Calculate the volume of oxygen you would need, at 1.00 atm and 298 K, to completely oxidize 51g of glucose.
To calculate the volume of oxygen required to completely oxidize glucose, we first need to determine the balanced chemical equation for the combustion of glucose. The balanced equation is as follows:
C6H12O6 + 6O2 → 6CO2 + 6H2O
From the balanced equation, we can see that 6 moles of oxygen are required to oxidize 1 mole of glucose.
Next, we need to determine the molar mass of glucose. Glucose (C6H12O6) has a molar mass of 180.16 g/mol.
Now, we can calculate the moles of glucose using the given mass of 51 g and the molar mass:
moles of glucose = mass of glucose / molar mass of glucose
= 51 g / 180.16 g/mol
= 0.283 mol
Since 1 mole of glucose requires 6 moles of oxygen, we can determine the moles of oxygen needed:
moles of oxygen = moles of glucose x coefficient ratio
= 0.283 mol x 6
= 1.70 mol
Finally, we can use the ideal gas equation to calculate the volume of oxygen.
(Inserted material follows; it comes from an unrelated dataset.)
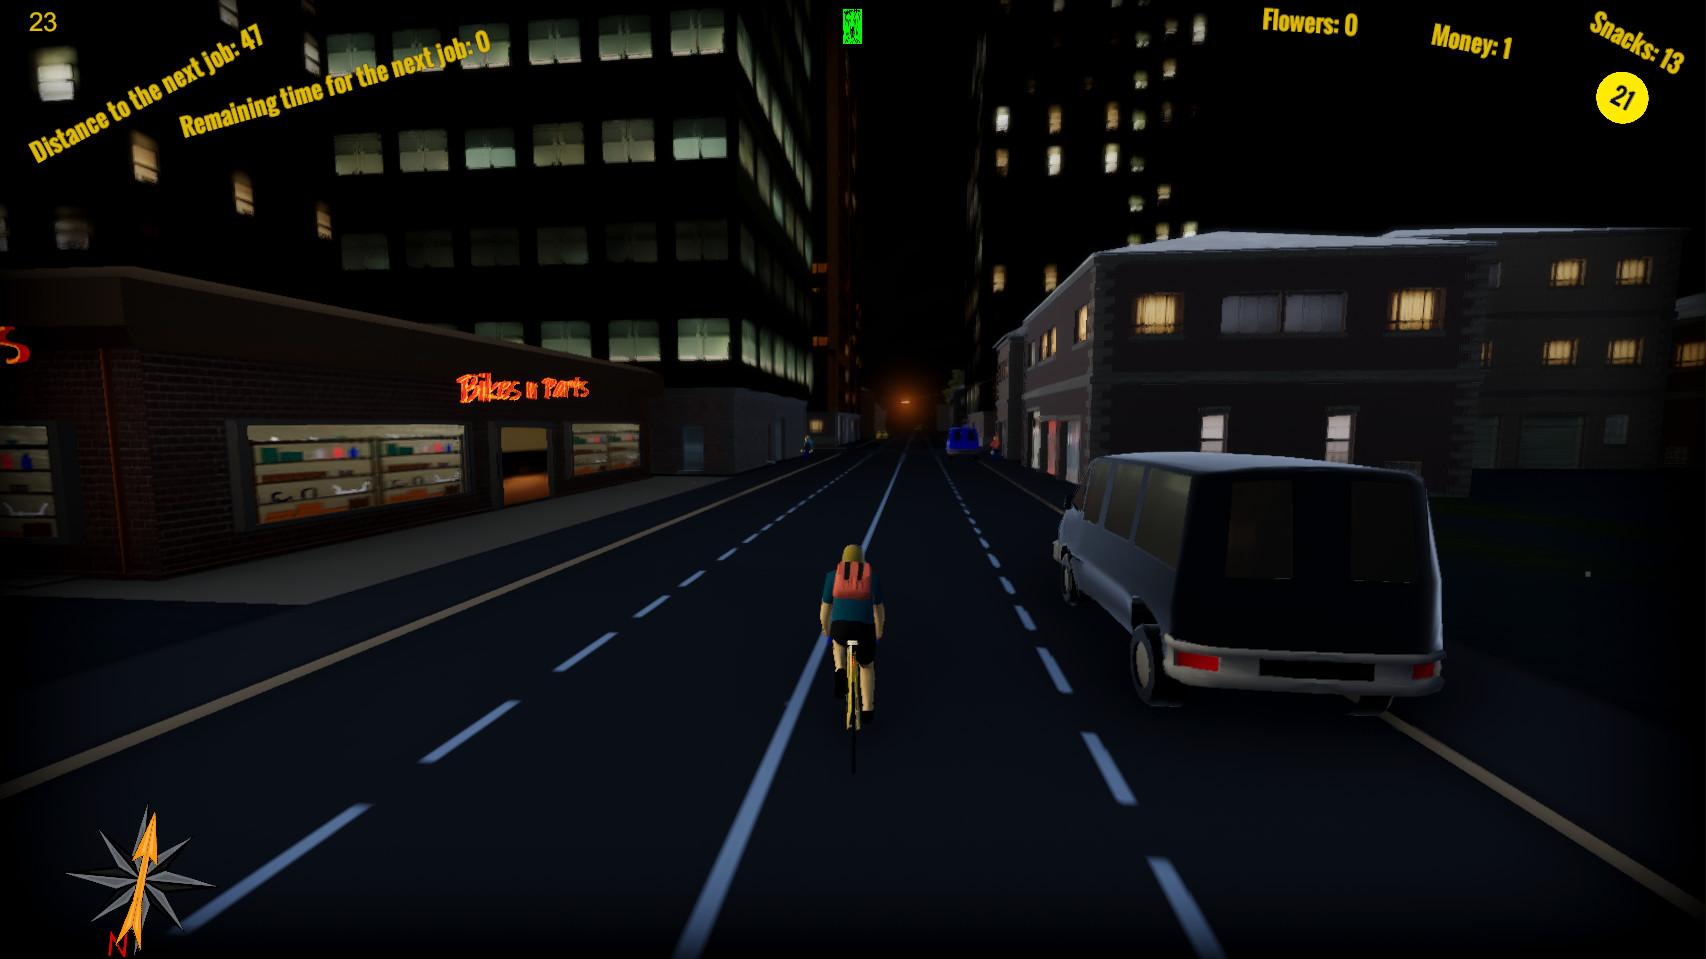 b m g 19 - bike messenger go!

The ideal gas equation is given by:
PV = nRT
Where:
P = pressure (1.00 atm)
V = volume of gas (to be calculated)
n = moles of gas (1.70 mol)
R = ideal gas constant (0.0821 L·atm/mol·K)
T = temperature (298 K)
Rearranging the equation to solve for V, we have:
V = (nRT) / P
= (1.70 mol x 0.0821 L·atm/mol·K x 298 K) / 1.00 atm
= 42.47 L
Therefore, the volume of oxygen required to completely oxidize 51 g of glucose at 1.00 atm and 298 K is approximately 42.47 L.
To calculate the volume of oxygen needed to completely oxidize 51g of glucose at 1.00 atm and 298 K, we need to use stoichiometry and the ideal gas law equation.
First, let's write the balanced chemical equation for the combustion of glucose:
C6H12O6 + 6O2 -> 6CO2 + 6H2O
From the equation, we can see that 1 mole of glucose reacts with 6 moles of oxygen to produce 6 moles of carbon dioxide and 6 moles of water.
Step 1: Calculate the number of moles of glucose.
To find the number of moles of glucose, we will divide the given mass by its molar mass.
Molar mass of glucose (C6H12O6) = 6(12.01 g/mol) + 12(1.01 g/mol) + 6(16.00 g/mol) = 180.18 g/mol
Number of moles of glucose = mass of glucose / molar mass of glucose
= 51 g / 180.18 g/mol
= 0.283 mol
Step 2: Determine the number of moles of oxygen required.
Since the balanced equation tells us that 1 mole of glucose reacts with 6 moles of oxygen, the number of moles of oxygen required will be 6 times the number of moles of glucose.
Number of moles of oxygen = 6 × number of moles of glucose
= 6 × 0.283 mol
= 1.698 mol
Step 3: Calculate the volume of oxygen at 1.00 atm and 298 K using the ideal gas law.
The ideal gas law is given by:
PV = nRT
Where:
P = pressure (in atm)
V = volume (in L)
n = number of moles
R = ideal gas constant (0.0821 L·atm/(mol·K))
T = temperature (in K)
Rearranging the equation, we get:
V = (nRT) / P
Now, plug in the values:
n = 1.698 mol
R = 0.0821 L·atm/(mol·K)
T = 298 K
P = 1.00 atm
V = (1.698 mol × 0.0821 L·atm/(mol·K) × 298 K) / 1.00 atm
= 42.53 L
Therefore, you would need approximately 42.53 liters of oxygen at 1.00 atm and 298 K to completely oxidize 51g of glucose.
Write and balance the equation.
C6H12O6 + 6O2 ==> 6CO2 + 6H2O
mols glucose = grams/molar mass = ?
Using the coefficients in the balanced equation, convert mols glucose to mols O2.
Now convert mols O2 to volume (L) using PV = nRT and the conditions listed.